DATA SECTION -
————————

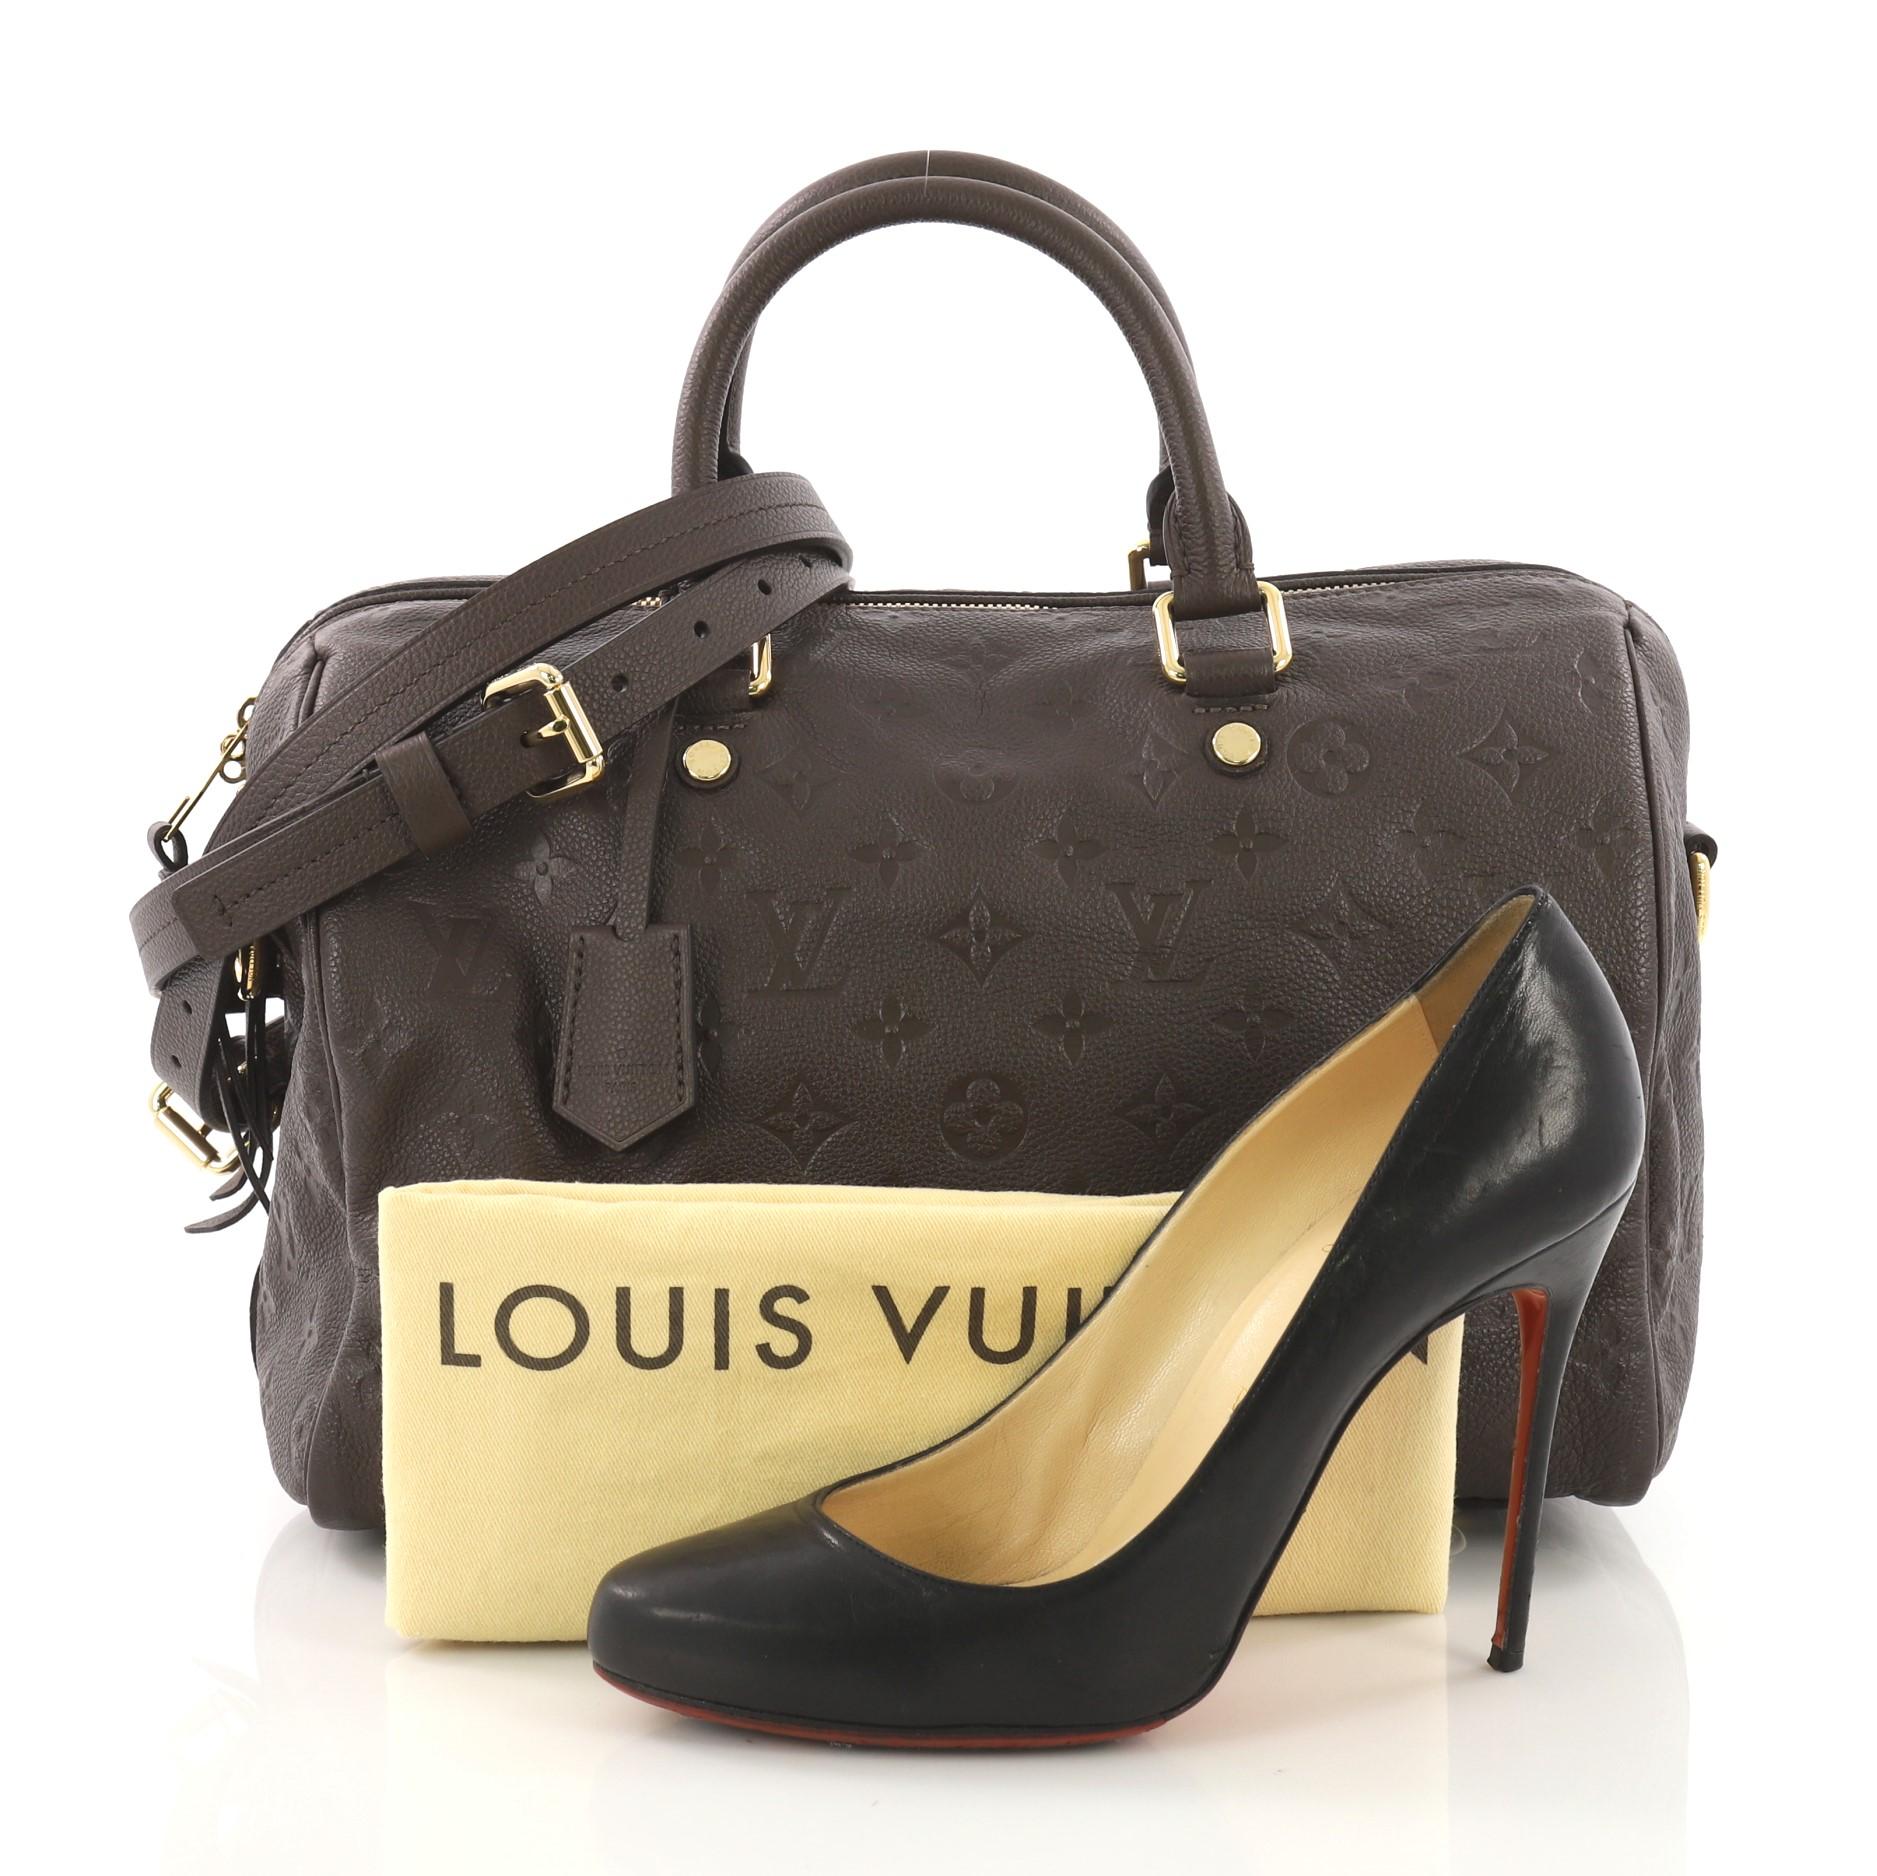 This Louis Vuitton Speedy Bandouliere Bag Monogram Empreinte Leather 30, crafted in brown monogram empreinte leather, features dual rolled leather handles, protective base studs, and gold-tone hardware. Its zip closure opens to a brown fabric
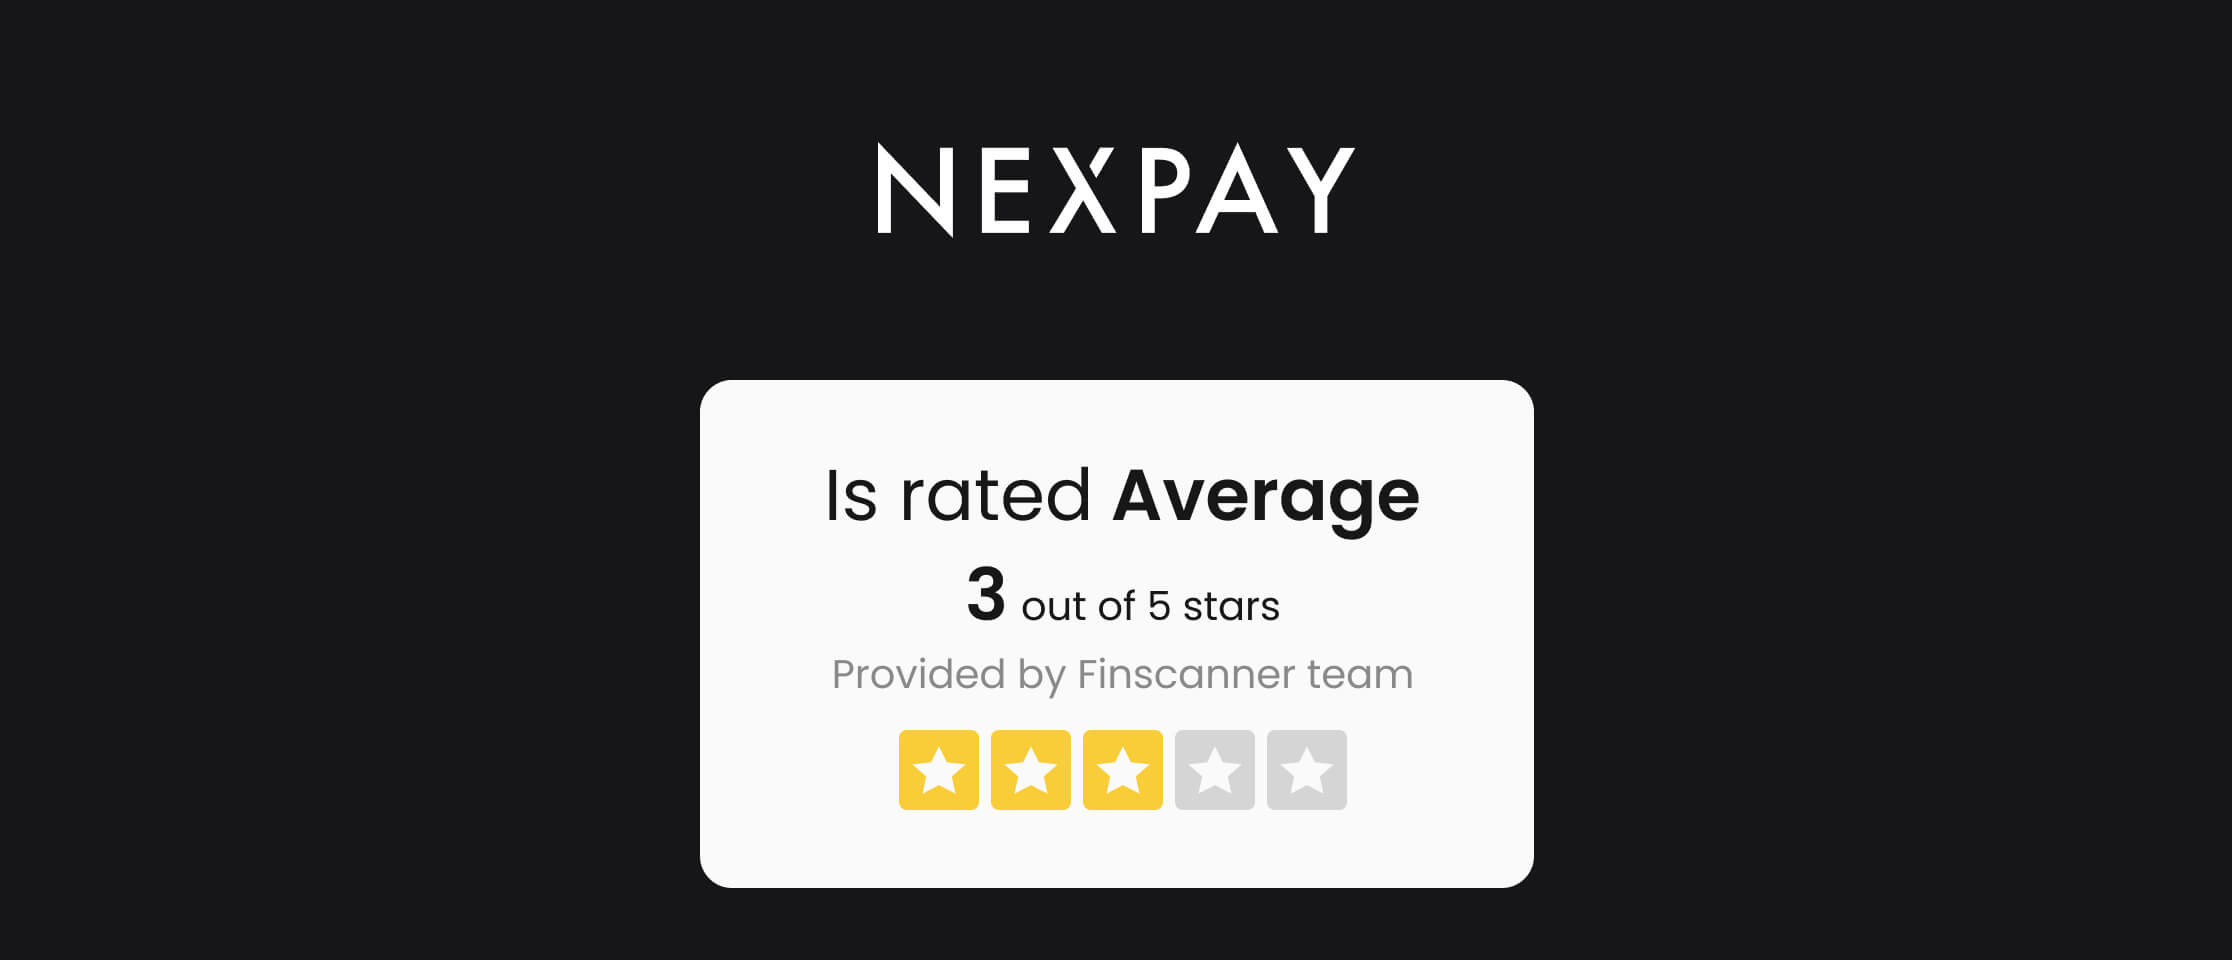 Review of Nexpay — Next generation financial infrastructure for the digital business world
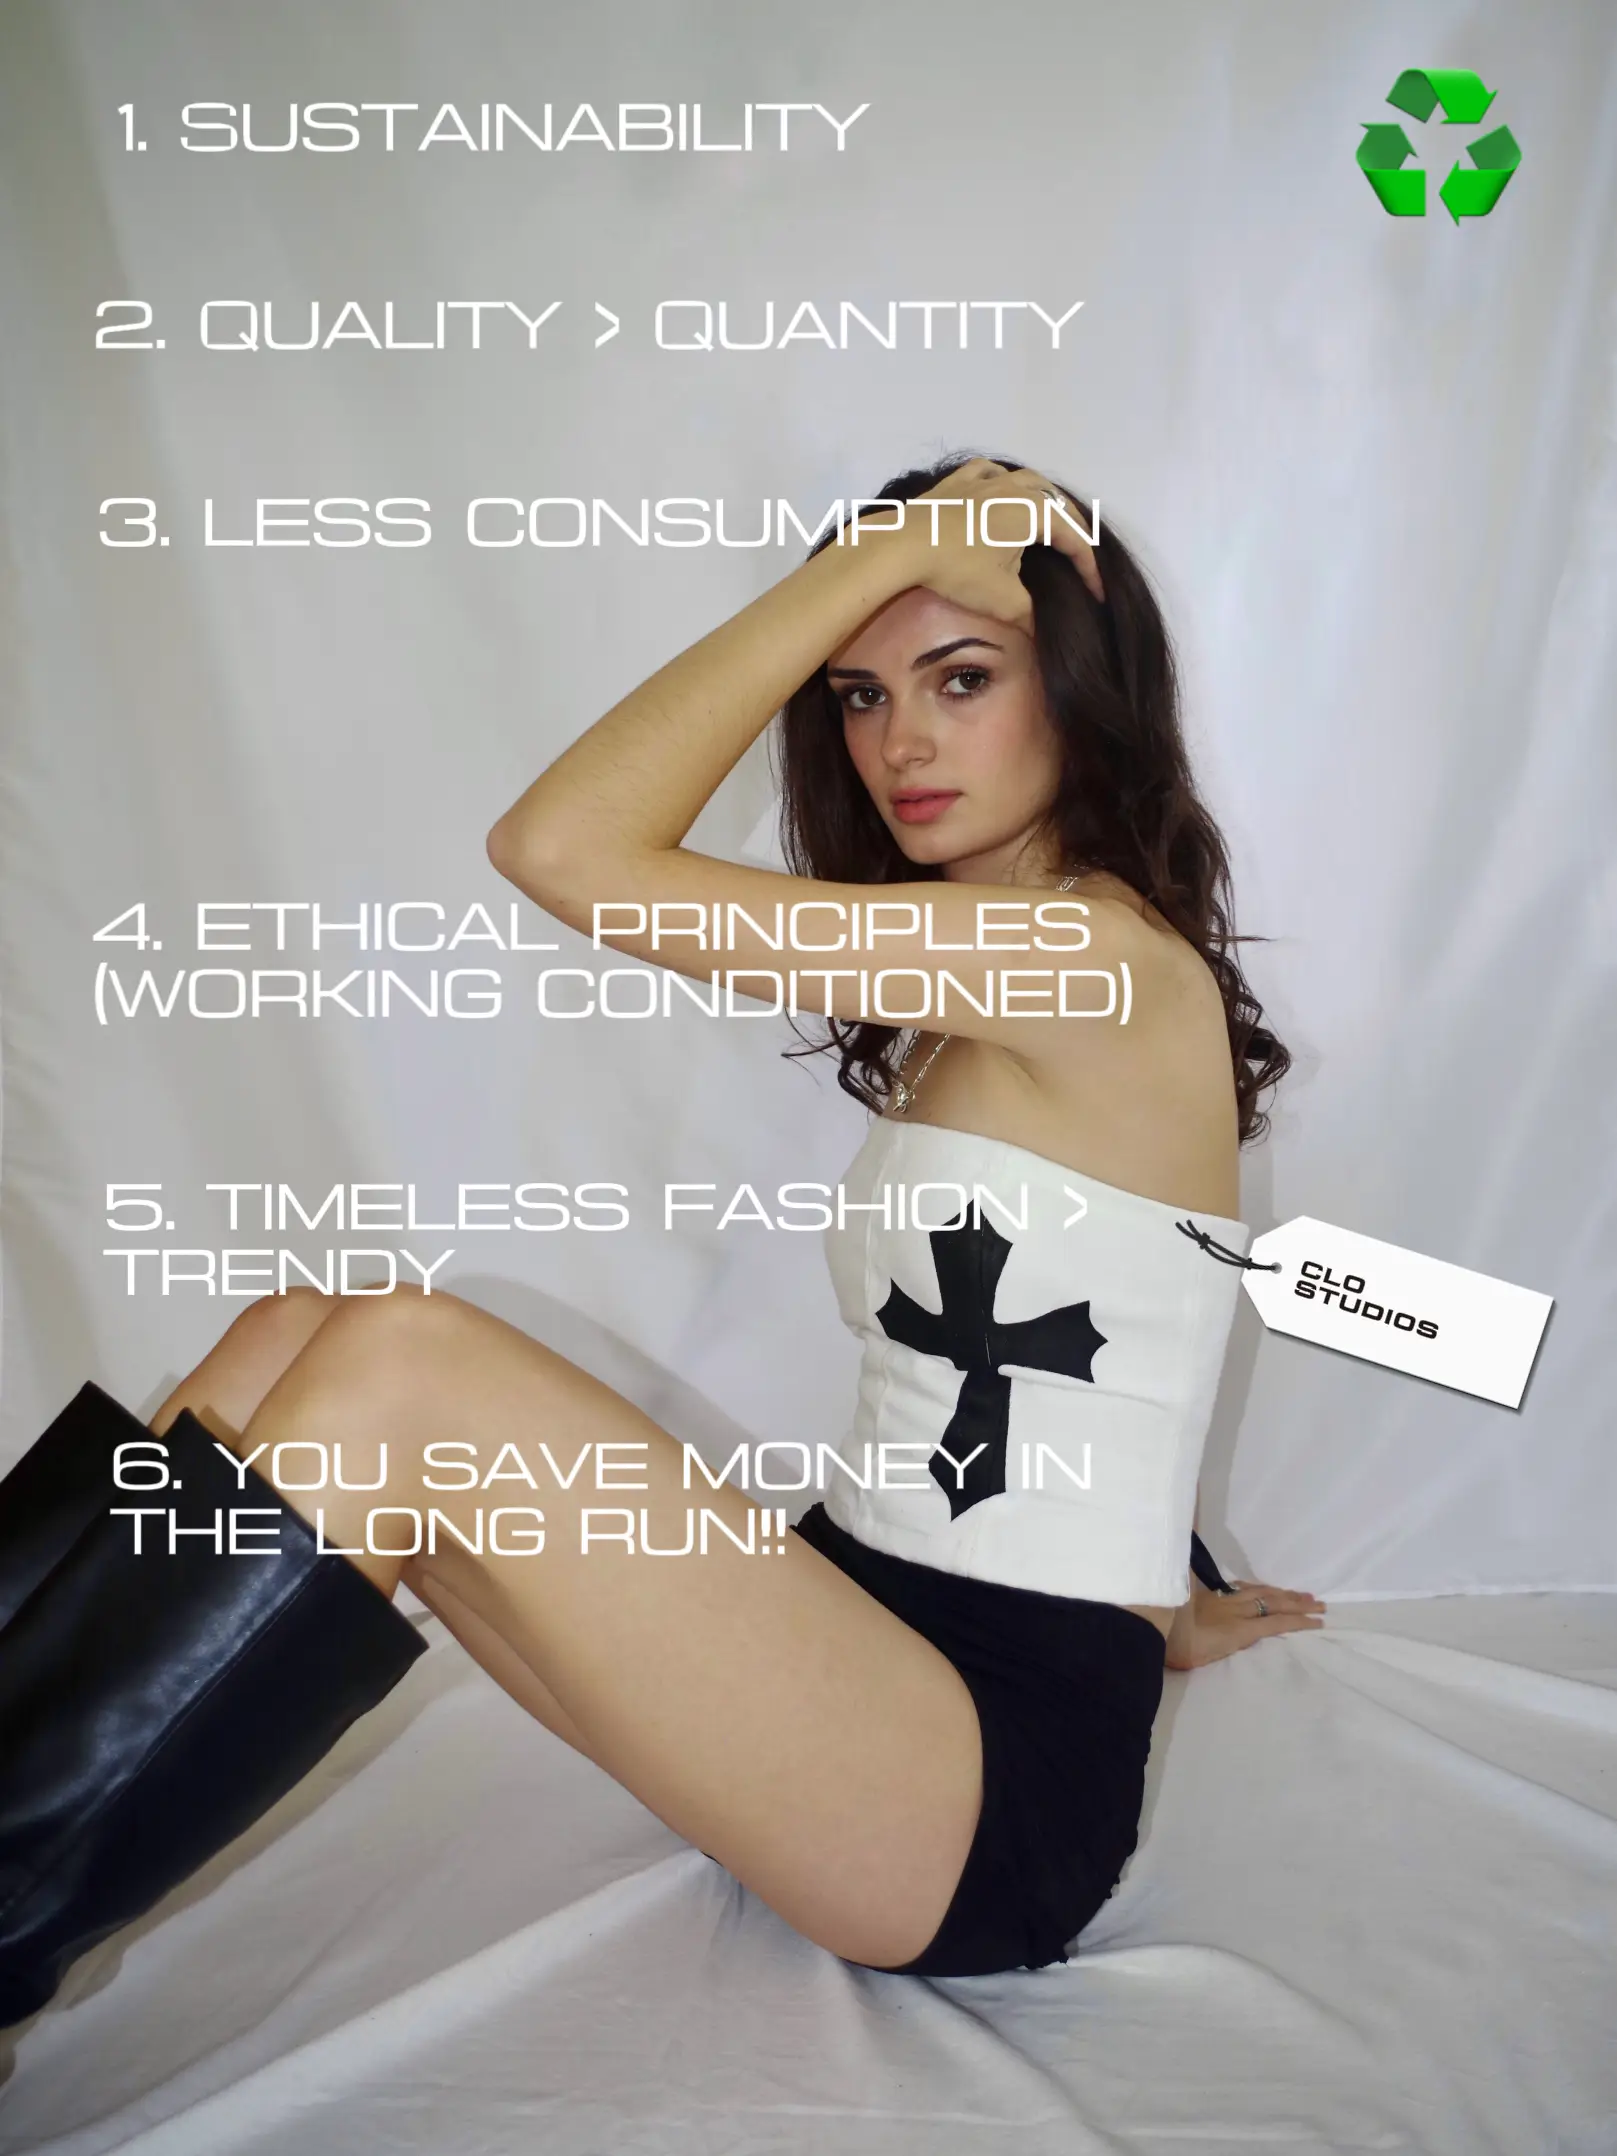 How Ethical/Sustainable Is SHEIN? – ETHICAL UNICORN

————————

ABOUT THIS EXERCISE -
Every line above should be reproduced exactly, please, with no pictures included.

RESPONSE TO THIS TASK -
 This Louis Vuitton Speedy Bandouliere Bag Monogram Empreinte Leather 30, crafted in brown monogram empreinte leather, features dual rolled leather handles, protective base studs, and gold-tone hardware. Its zip closure opens to a brown fabric
 Review of Nexpay — Next generation financial infrastructure for the digital business world
 How Ethical/Sustainable Is SHEIN? – ETHICAL UNICORN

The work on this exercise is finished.